The Legal Environment of Mergers and Acquisitions of Domestic Enterprises by Foreign Investors in China
|關鍵字:||外資;併購;中國境內企業;反壟斷;foreign investors;mergers and acquisitions;domestic enterprises in China;antitrust|
Since 1978, China has experienced a period of transformation for more than 30 years. With China’s entry into the WTO and the expiration of the 5-year transition period at the end of 2006, China has reached its peak in market-oriented transformation. Mergers and Acquisitions are the short cut for foreign investors to rapidly gain market shares and to grasp the initiative of market competition. While the M&A activities have a profound history in the western developed world and the operation of relevant systems has attained its maturity, for a long time China has lacked clear rules of M&A activities for market participants to follow.
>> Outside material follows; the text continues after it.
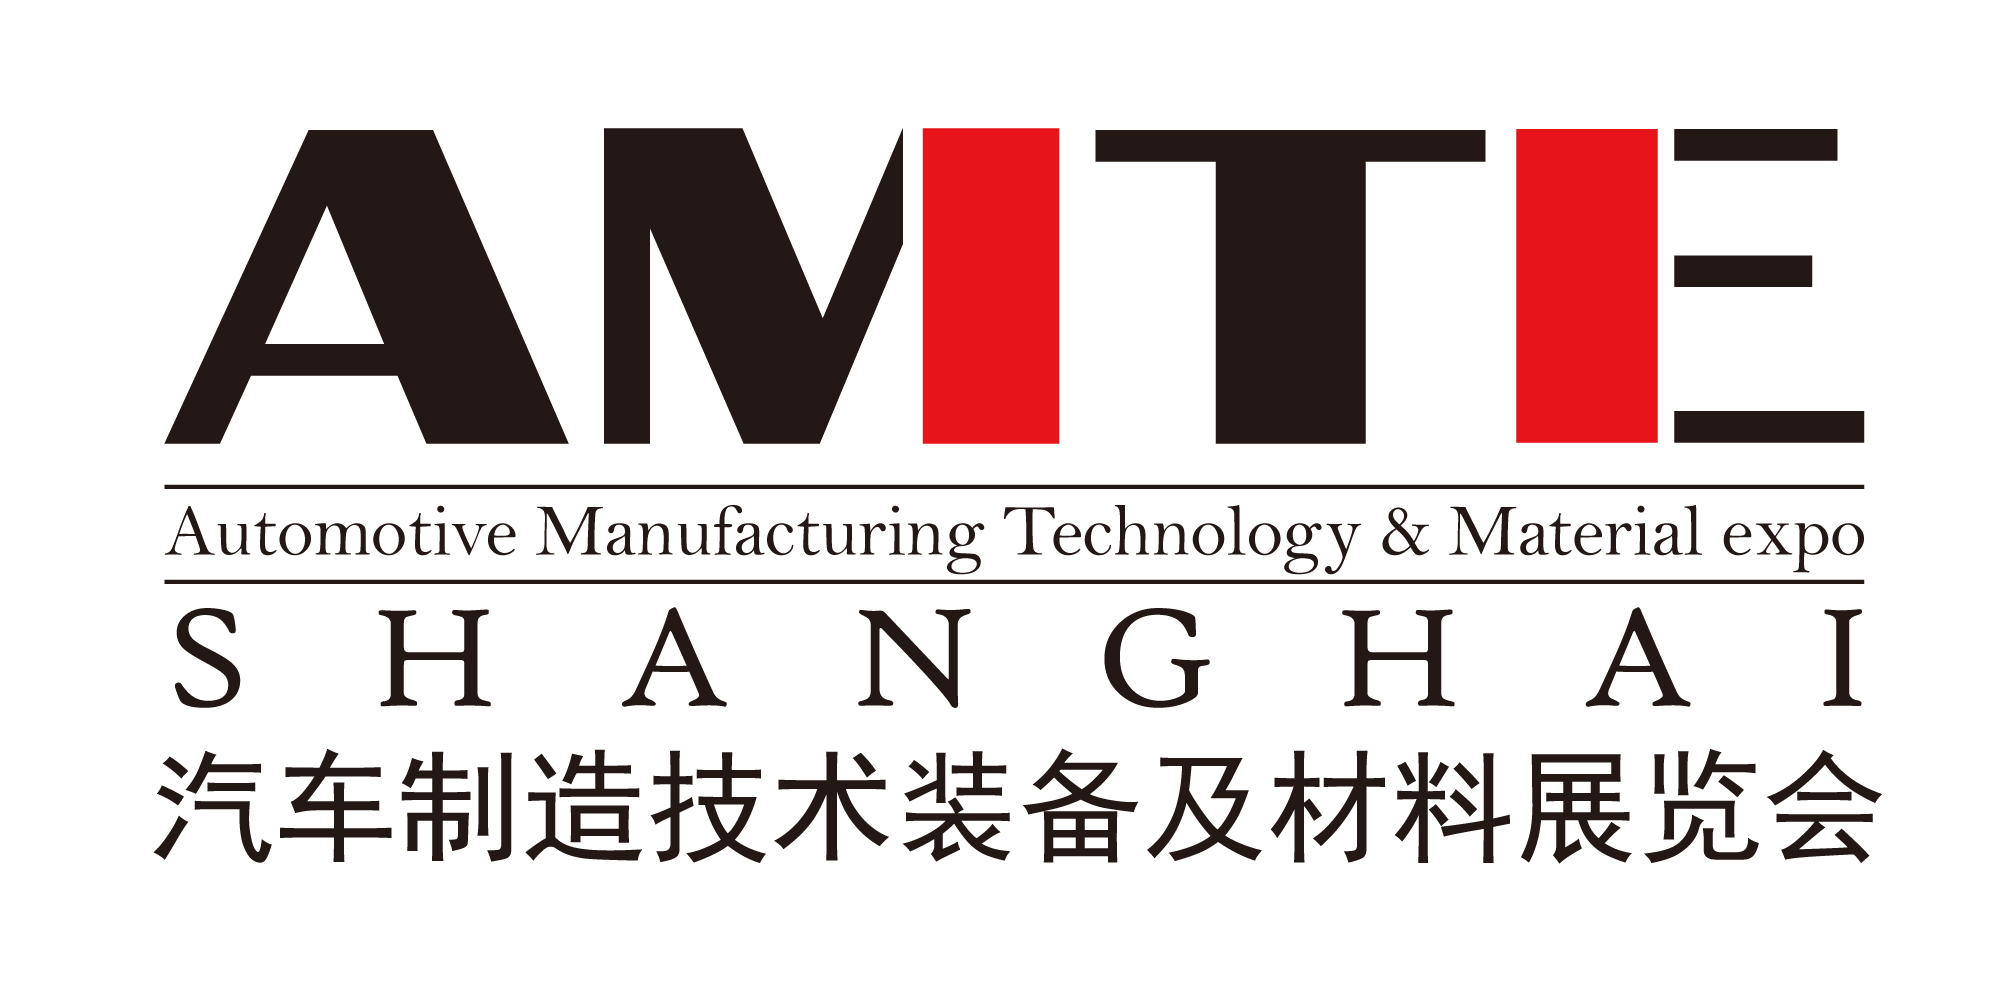 2017AMTE上海国际汽车制造技术装备及材料展览会

In respond to the booming of M&A conducted by foreign investors, China has promulgated, announced or amended crucial laws since 2006, including the Regulations on the Mergers and Acquisitions of Domestic Enterprises by Foreign Investors, Antitrust Law, Company Law, Securities Law, Property Law, Enterprise Income Tax Law, and Labour Contract Law, that have revolutionary impact on the legal environment when foreign investors implement M&A investments in China. To fully understand the legal environment coloured with the Chinese characteristics will be a key to the success to an investment project. Hence, this study analyzes legal issues and risks pertaining to the pursuit of an M&A investment in China from a foreign investor’s point of view. Target enterprises discussed in this study are mainly domestic companies in China that are neither state-owned, listed companies nor financial institutions. This study covers 7 chapters; an overview of the transformation of the general China economic system and M&A legal system followed by analysis of specific legal issues and risks that a typical M&A investment would encounter. Specifically, Chapter 2 focuses on the development of foreign investors’ M&A activities under China’s unique economic and legal systems. Chapter 3 discusses the definition of parties involved in the M&A activities. Once the parties are confirmed, Chapter 4 analyzes method of an M&A investment available to foreign investors. Chapters 5 and 6 emphasize special topics for M&A in China. Namely, Chapter 5 discusses the approvals and controls over M&A by foreign investors in China; Chapter 6 further discusses detailed legal issues when implementing an M&A project, such as payment of consideration and tax.